This joint in New York’s meat packing district has an awful lot of character. The bold logo of a boar on the outside is duplicated by a series of mounted boar heads inside. There’s a well worn bar and more worn natural wood floors. In the summer, the heat inside can be sweltering, but it sure makes the beer all that much better.
Surprisingly, ribs and pulled pork are the only BBQ items on the Hog Pit BBQ menu, which features fried chicken, chicken-fried steak and meatloaf. They have fried pickles, chili, and an impressive list of side dishes that may be unmatched in the city for its breadth.
My server graciously substituted pulled pork for me on the chicken and ribs combo. For my two sides I tried collard greens and the cabbage with bacon (I’m a sucker for any side that has bacon).
My plate arrived with four huge mounds of food. The ribs were falling-off-the-bone tender and then some, with one of the bones already separated from its meat by the time the plate hit the table. I pulled a piece of the grey meat from under all that sauce to taste. As I feared, it had that boiled-and-broiled texture. The ribs didn’t have much flavor and the neutral sauce didn’t really help. The pork wasn’t much better, just a mushy pile of mashed meat, with no discernable bark.

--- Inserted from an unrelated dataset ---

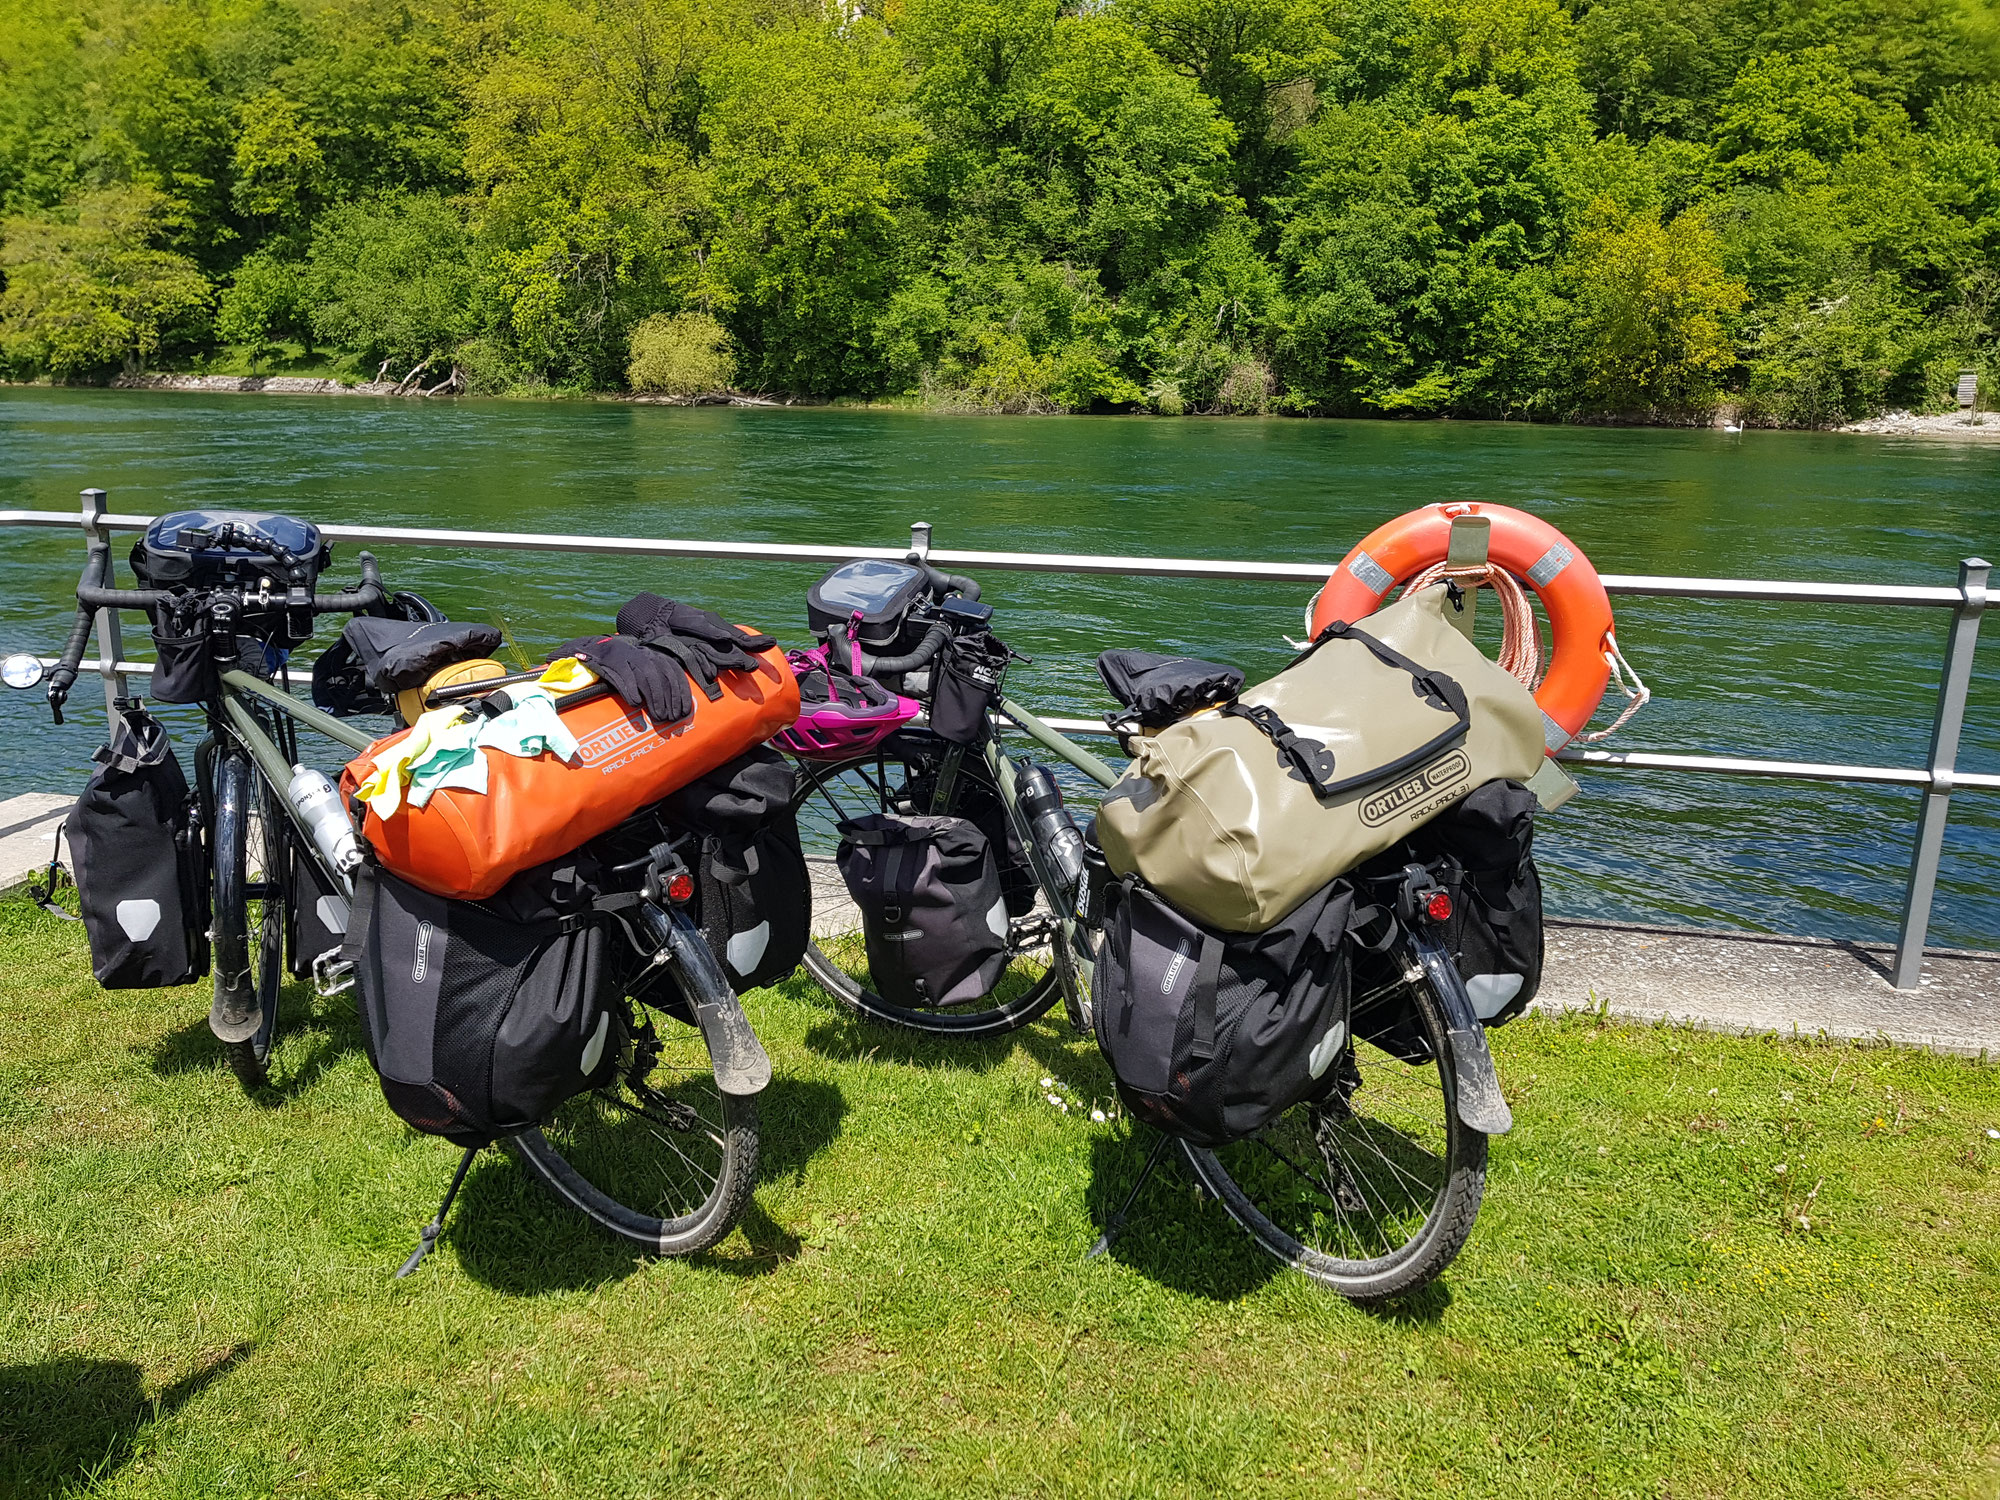 Biketrekking entlang dem Rhein

The sides, I have to say, were excellent. The cabbage was crisp and well lubricated with the juices from the ample bacon. The collard greens were dark, well flavored leaves cooked just to the point of wilting. If I could do it all over again I’d get their fried pickles and 3 sides and call it a meal, but this is a site about barbecue, not sides.
The bottom line: this dive is a refreshing counterpoint to some of the more corporate places in the city; it’s too bad the barbecue itself doesn’t have the same amount of character.